When companies think about who will thrive in an AI-enabled workplace, we tend to look for the obvious signals.
- Technical expertise.
- AI fluency.
- People who know the newest tools and can write the best prompts.
Those things matter.
But some of the people I’d bet on most aren’t technologists at all.
They’re the people:
- Who can spot patterns.
- Who have a clear vision of what they’re trying to accomplish, when the path isn’t clear.
- Who understand not just how work gets done, but why.
- And who can see how the pieces fit together.
I spent much of my career working cross-functionally, eventually in roles where understanding those connections was the work.
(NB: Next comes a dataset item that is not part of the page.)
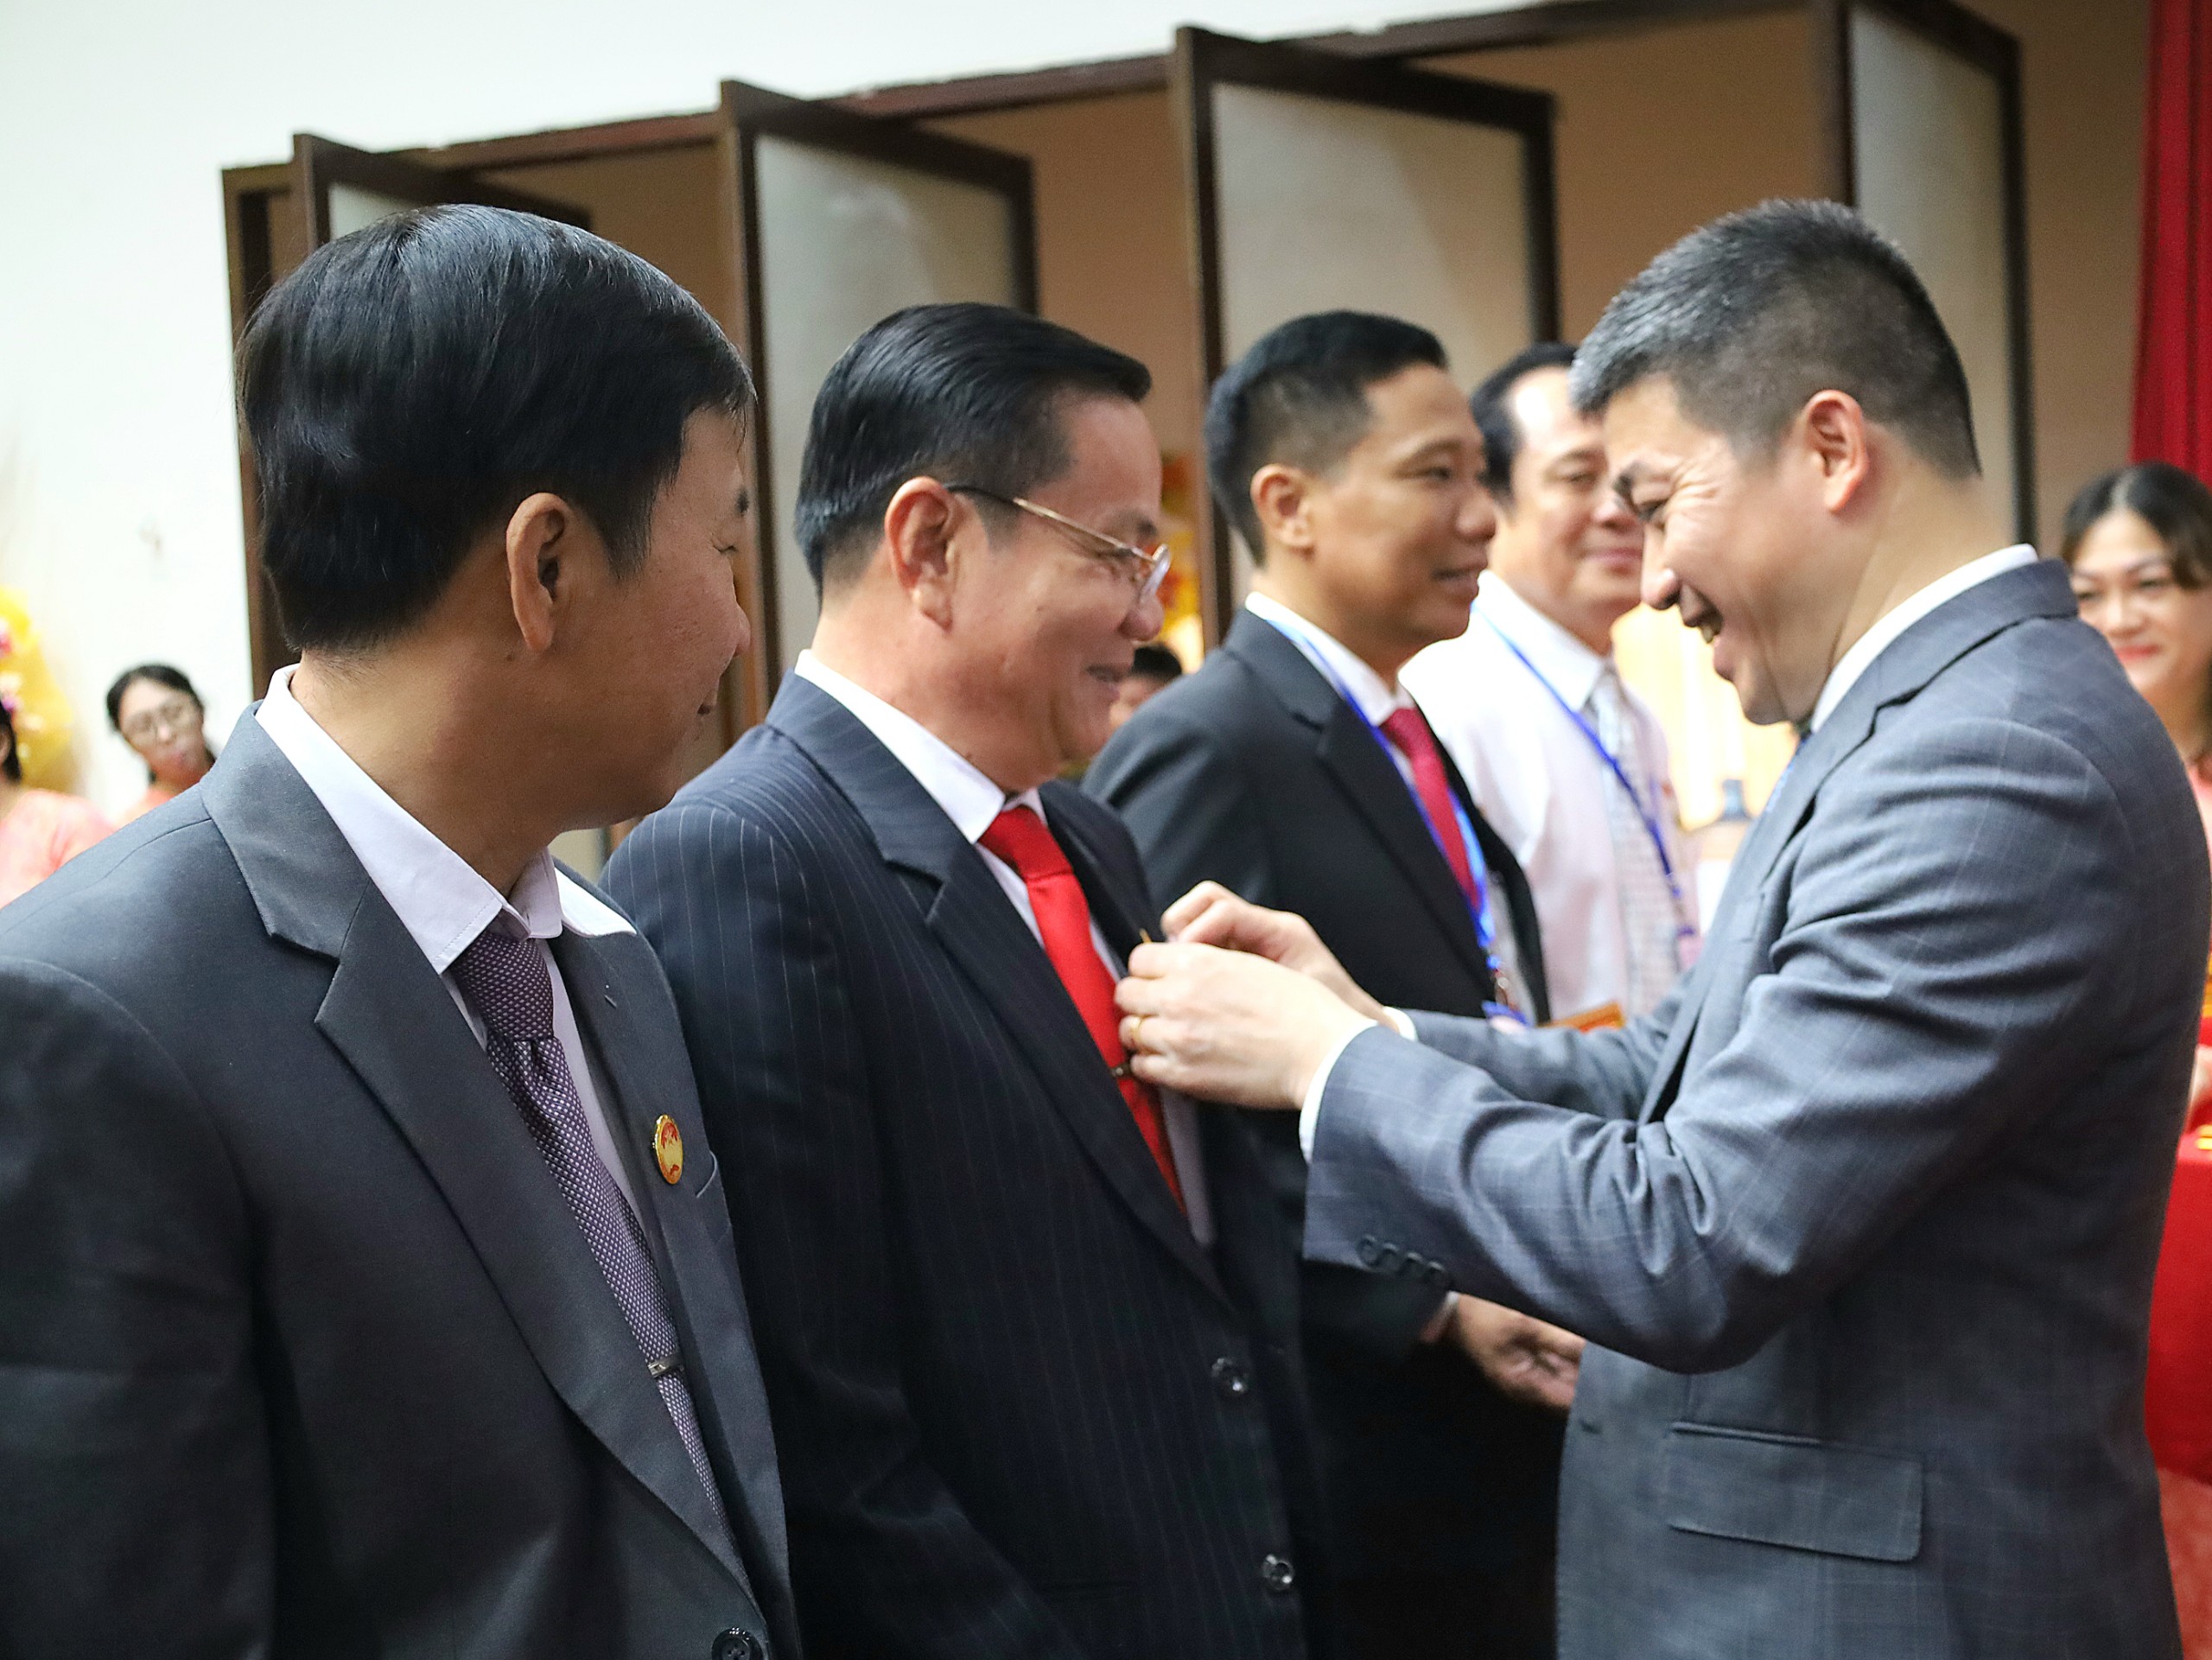 Ông Phan Anh Sơn - Bí thư đảng Đoàn, Chủ tịch Liên hiệp các tổ chức hữu nghị Việt Nam trao tặng Kỷ niệm chương “Vì hòa bình, hữu nghị giữa các dân tộc” cho các cá nhân.

A process was never just a process.
It was data. Calendars. Dependencies. Decisions. Competing priorities. Team motivations. And, ultimately, people.
That experience has turned out to be surprisingly relevant to how I use AI.
Because getting AI to produce something isn’t the hard part anymore.
Knowing what you need, giving it the right context, recognizing whether the output is actually good, and shaping it from there is where the value is.
Someone can use AI all day and still use it poorly.
If you simply accept what it gives you without challenging, editing or applying judgment, you aren’t augmenting your capabilities. You’re outsourcing them.
The strongest AI users I see use it as a tool, not a replacement for thinking.
Companies have a role in this too.
- Some are adding solution after solution across departments without understanding how to optimize them together.
- Others are so restrictive that employees can’t experiment enough to learn where AI could actually make their work better.
- At the other extreme, some give employees carte blanche without enough guardrails. At scale, that can carry real consequences.
The opportunity is somewhere in between: create a support system that gives teams access to learn and experiment, clarity around where AI can improve their work, and guardrails to use it responsibly.
Then pay attention to who thrives.
My bet?
The curious operators. The pattern spotters. The people who understand the whole system. The ones who can hold the goal while questioning the process.
As AI gets better at producing answers, our ability to know what we’re trying to accomplish, ask better questions, and apply judgment to what comes back may become more valuable, not less.